*** Block opens ***
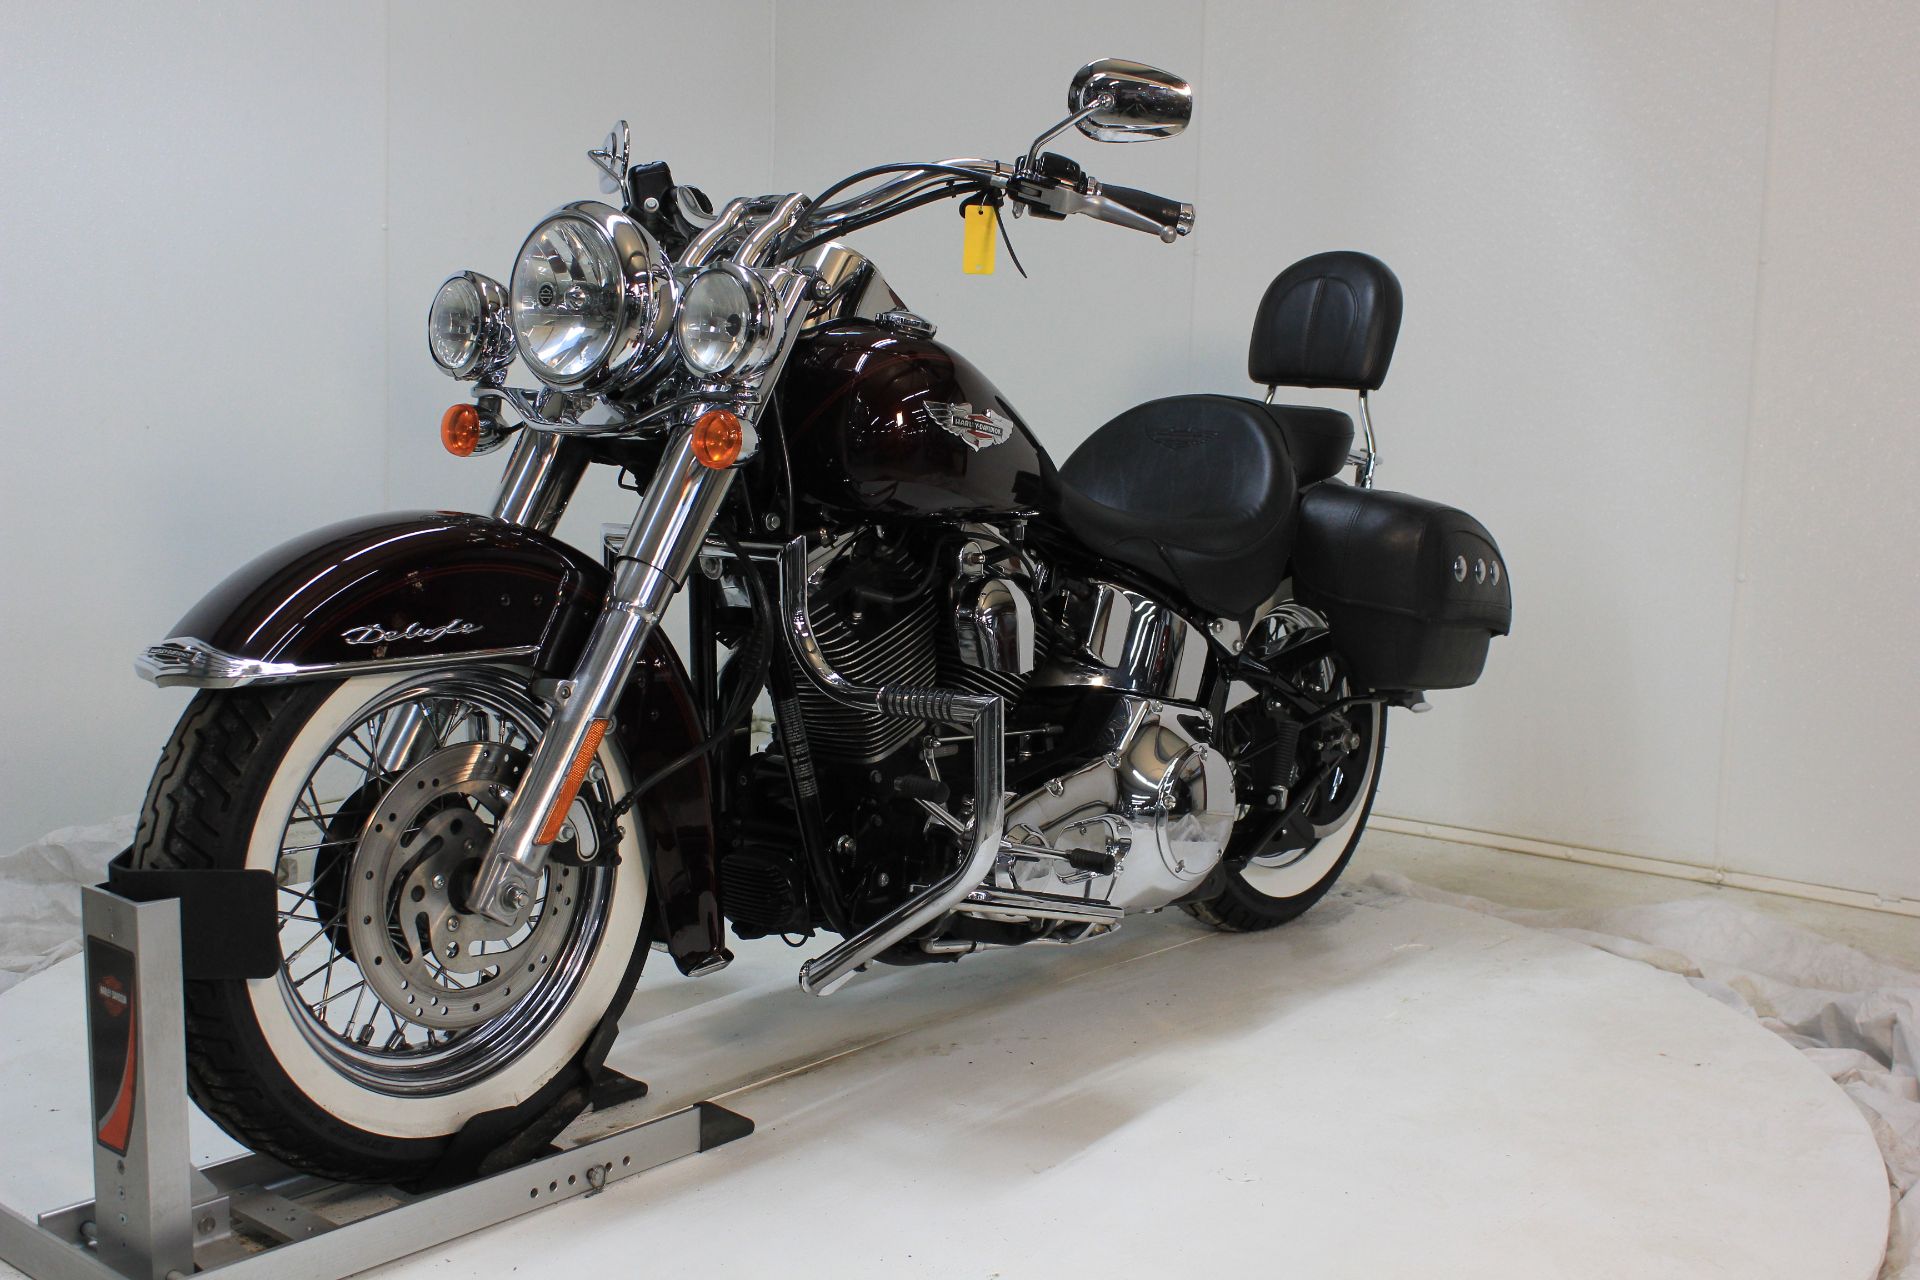 2006 Harley-Davidson Softail® Deluxe in Pittsfield, Massachusetts - Photo 12
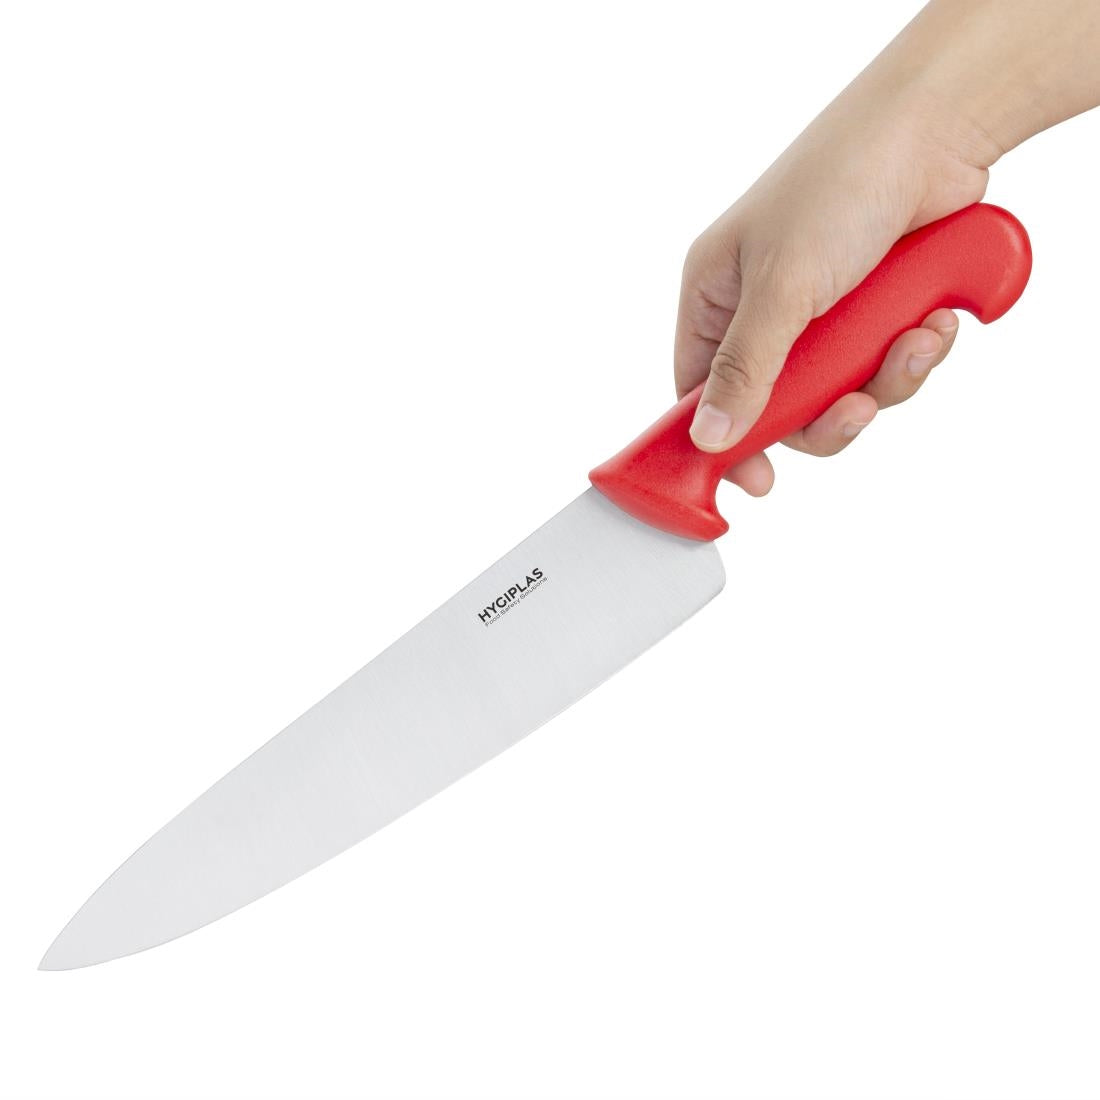 C886 Hygiplas Chefs Knife Red 25.5cm JD Catering Equipment Solutions Ltd
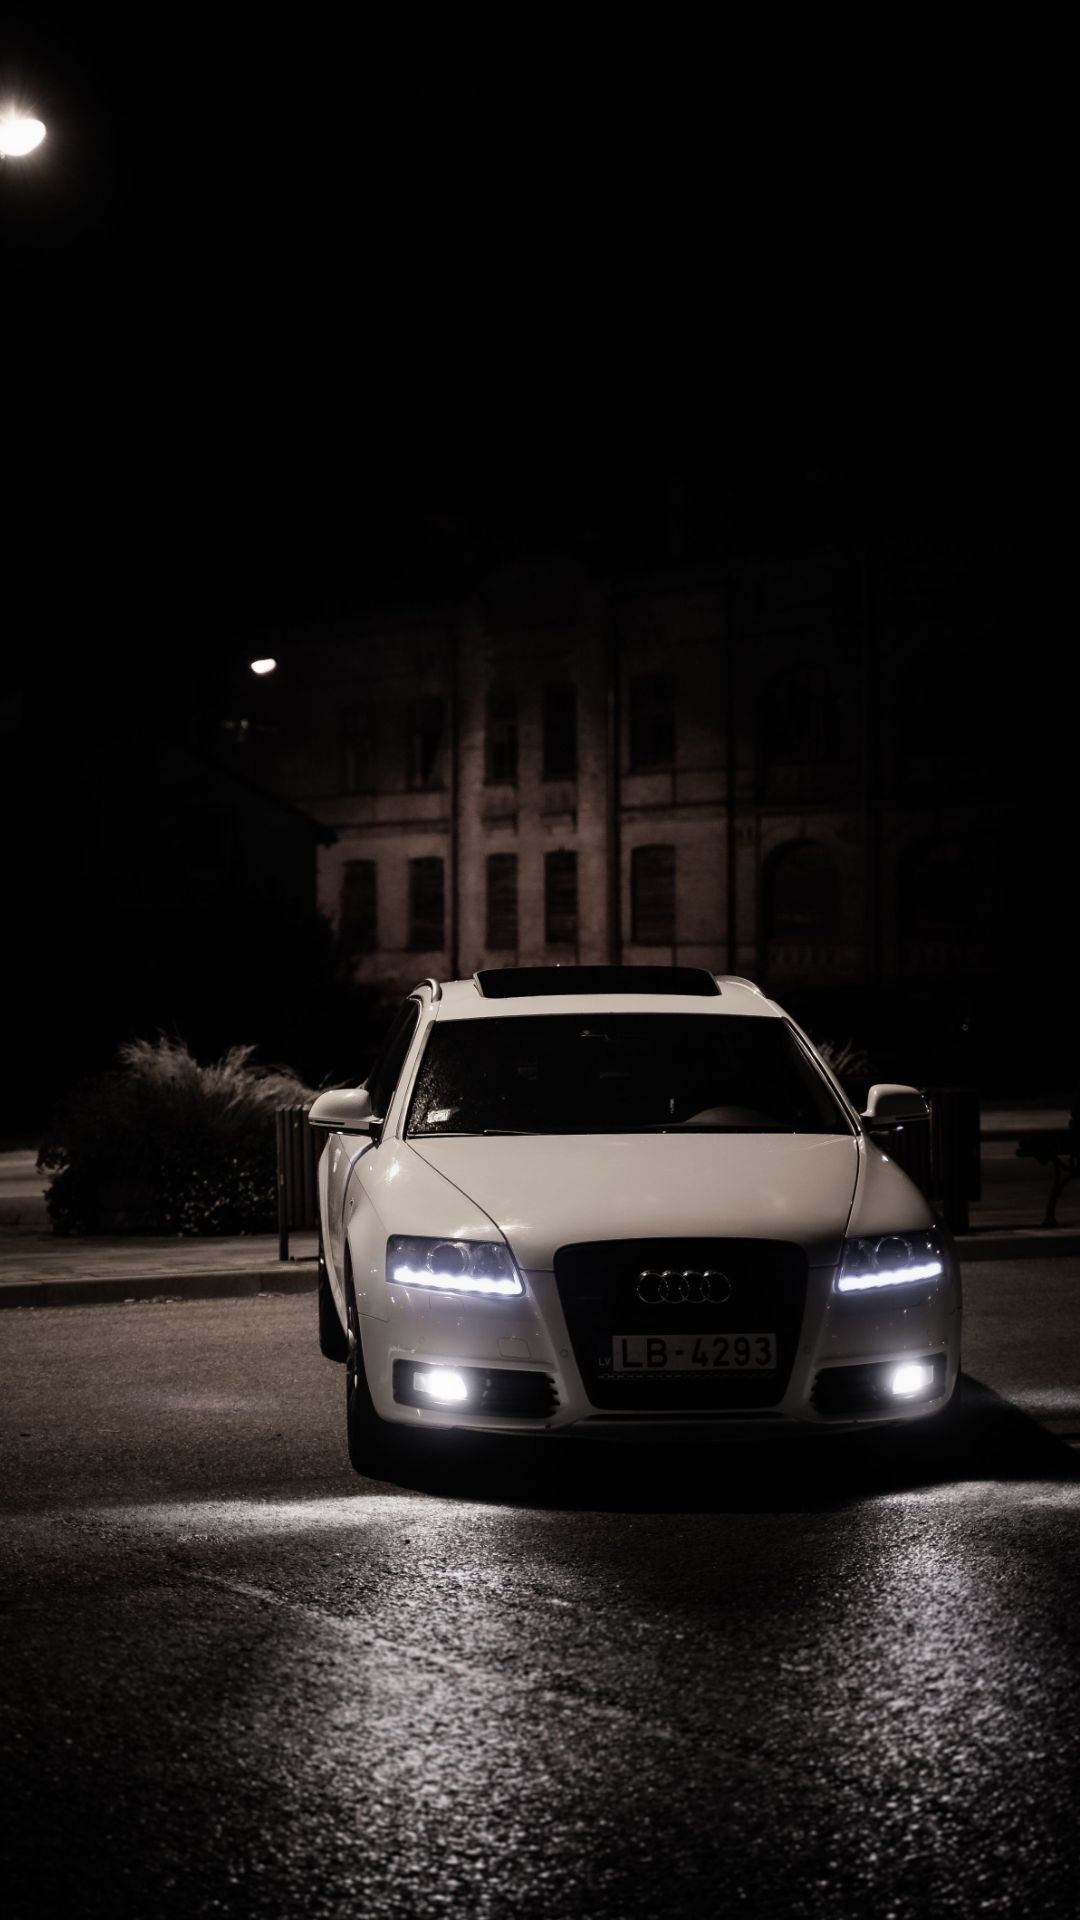 Audi A6 iPhone Wallpaper Download
*** Block closes ***
> [What is needed] The material is to be written out word for word, and the pictures are to be left out.

> [Final answer]
 2006 Harley-Davidson Softail® Deluxe in Pittsfield, Massachusetts - Photo 12
 C886 Hygiplas Chefs Knife Red 25.5cm JD Catering Equipment Solutions Ltd
 Audi A6 iPhone Wallpaper Download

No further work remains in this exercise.